What the exercise asks
Please restate each line of the data below exactly. Omit all images.

Provided data

Content starts

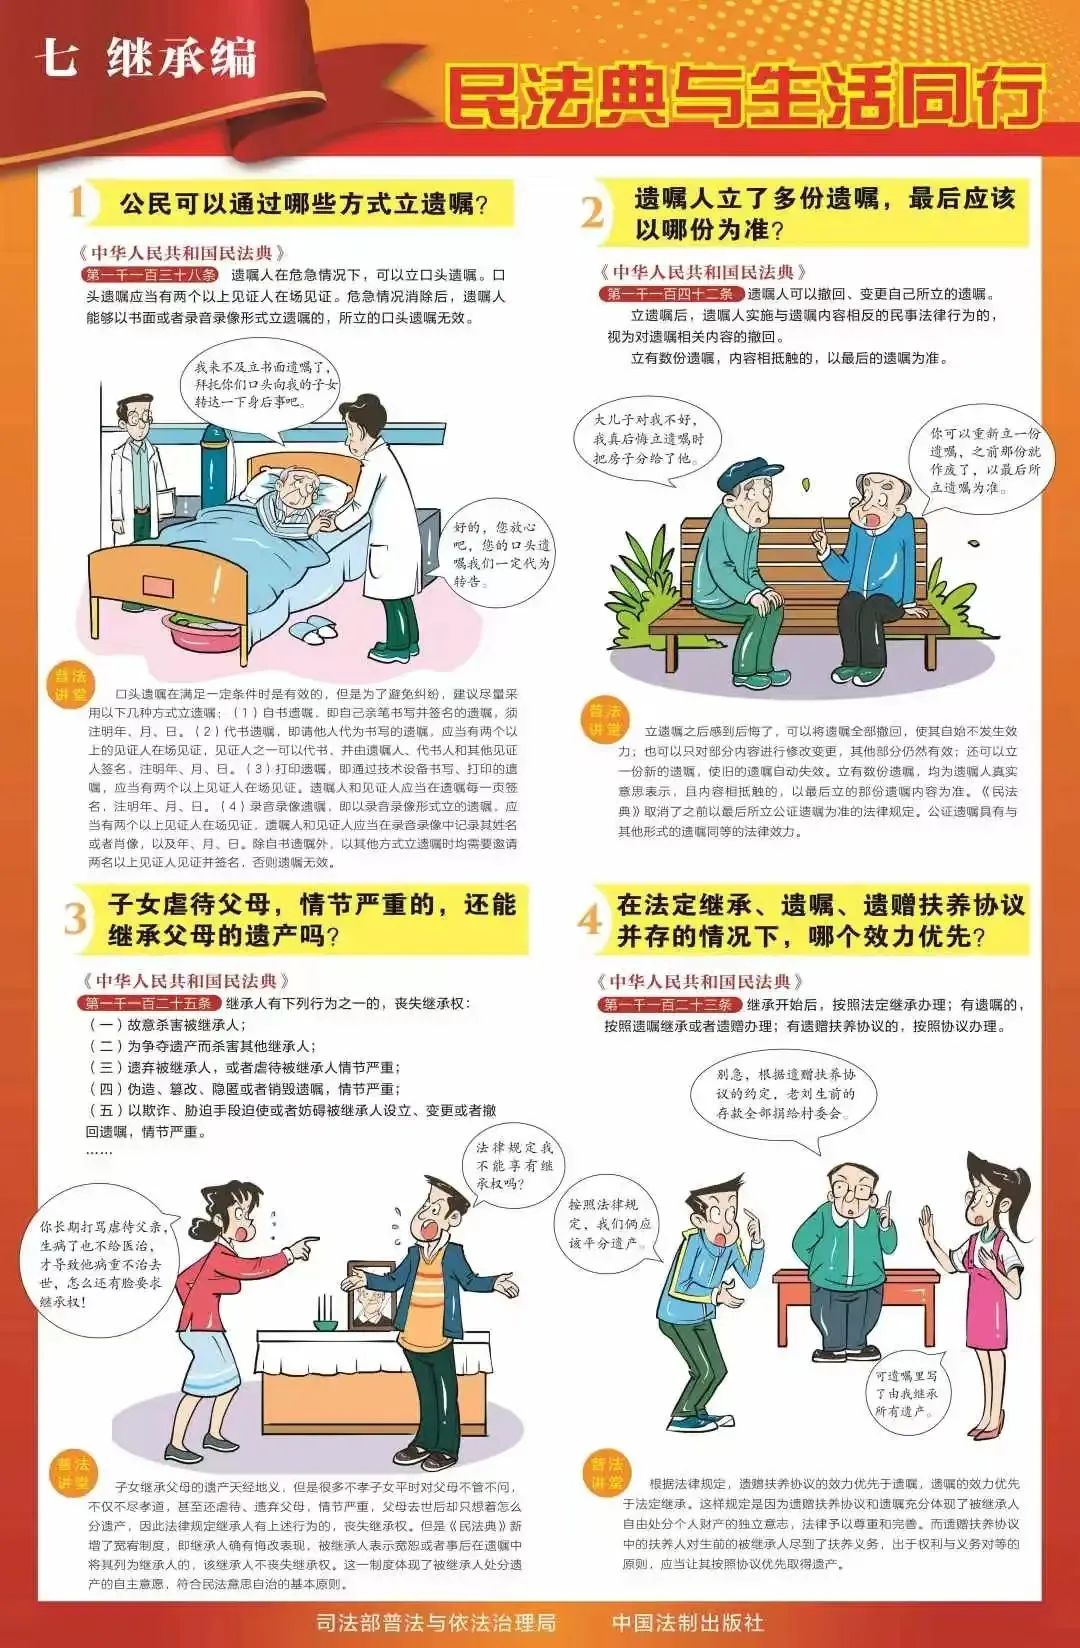 民法典学习宣传丨九张挂图带您速览民法典(图8)
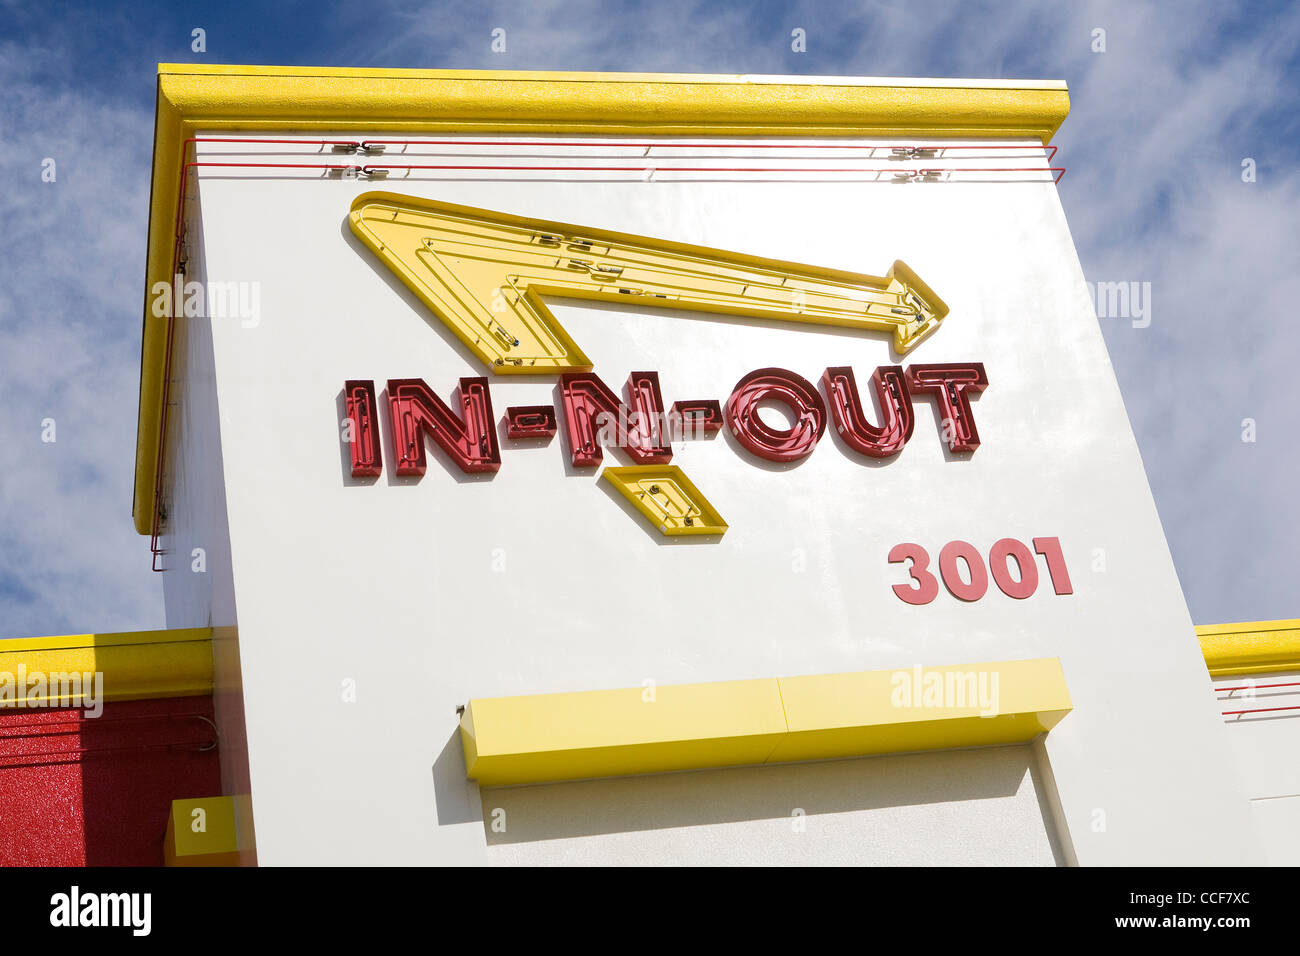 Un En-N-Out Burger restaurante de comida rápida. Foto de stock
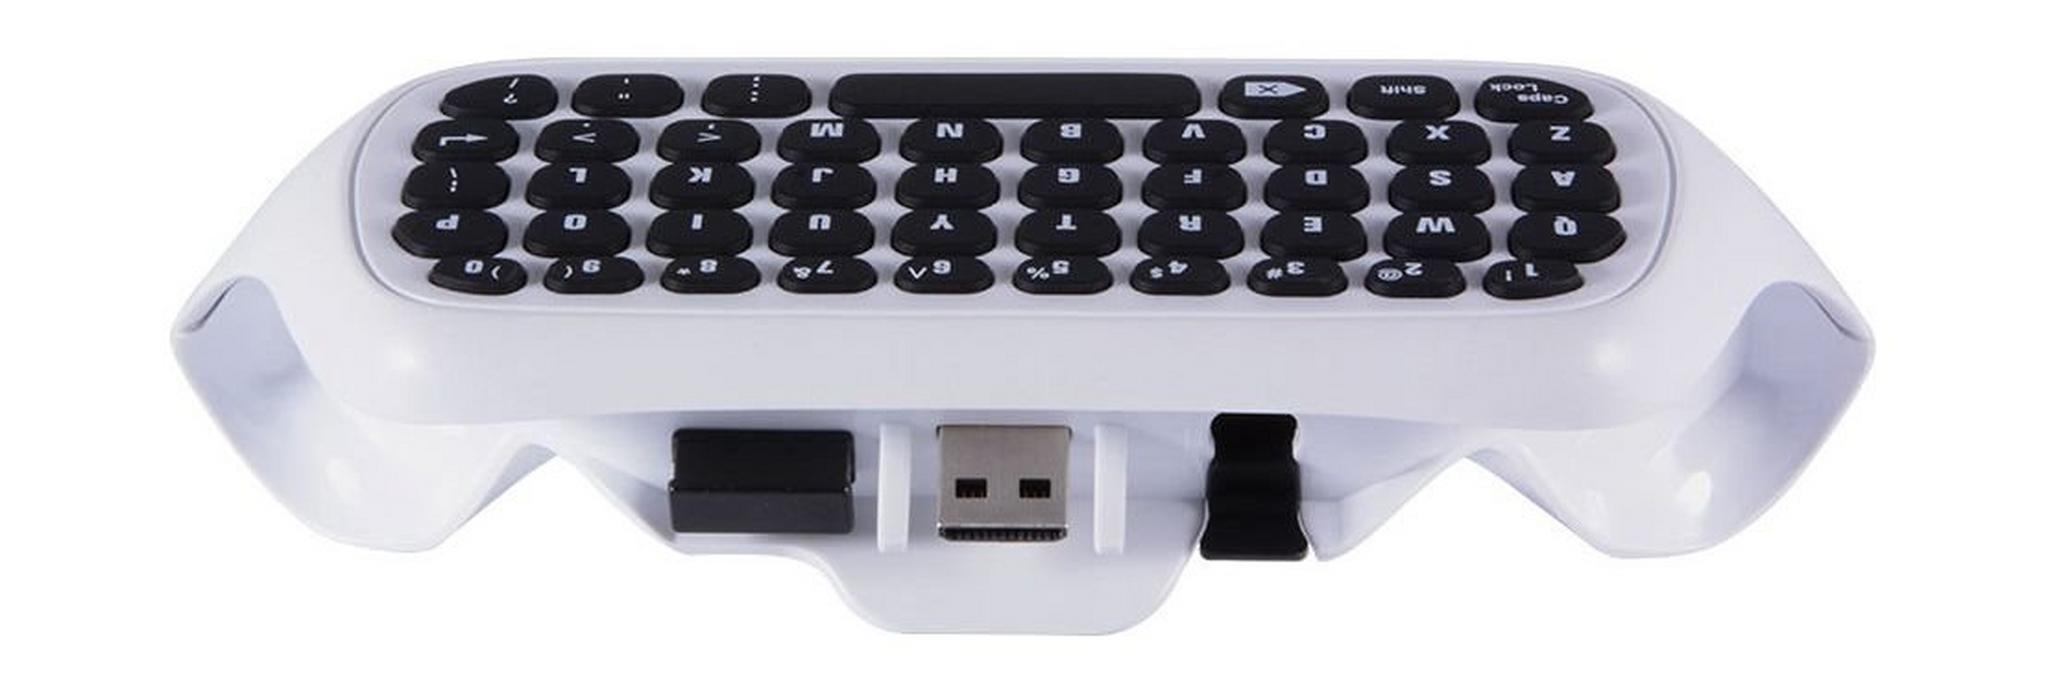 لوحة المفاتيح اللاسلكية الصغيرة المُلحقة بيد التحكم لأكس بوكس ون - أبيض

Content ends

Written solution
 民法典学习宣传丨九张挂图带您速览民法典(图8)
 Un En-N-Out Burger restaurante de comida rápida. Foto de stock
 لوحة المفاتيح اللاسلكية الصغيرة المُلحقة بيد التحكم لأكس بوكس ون - أبيض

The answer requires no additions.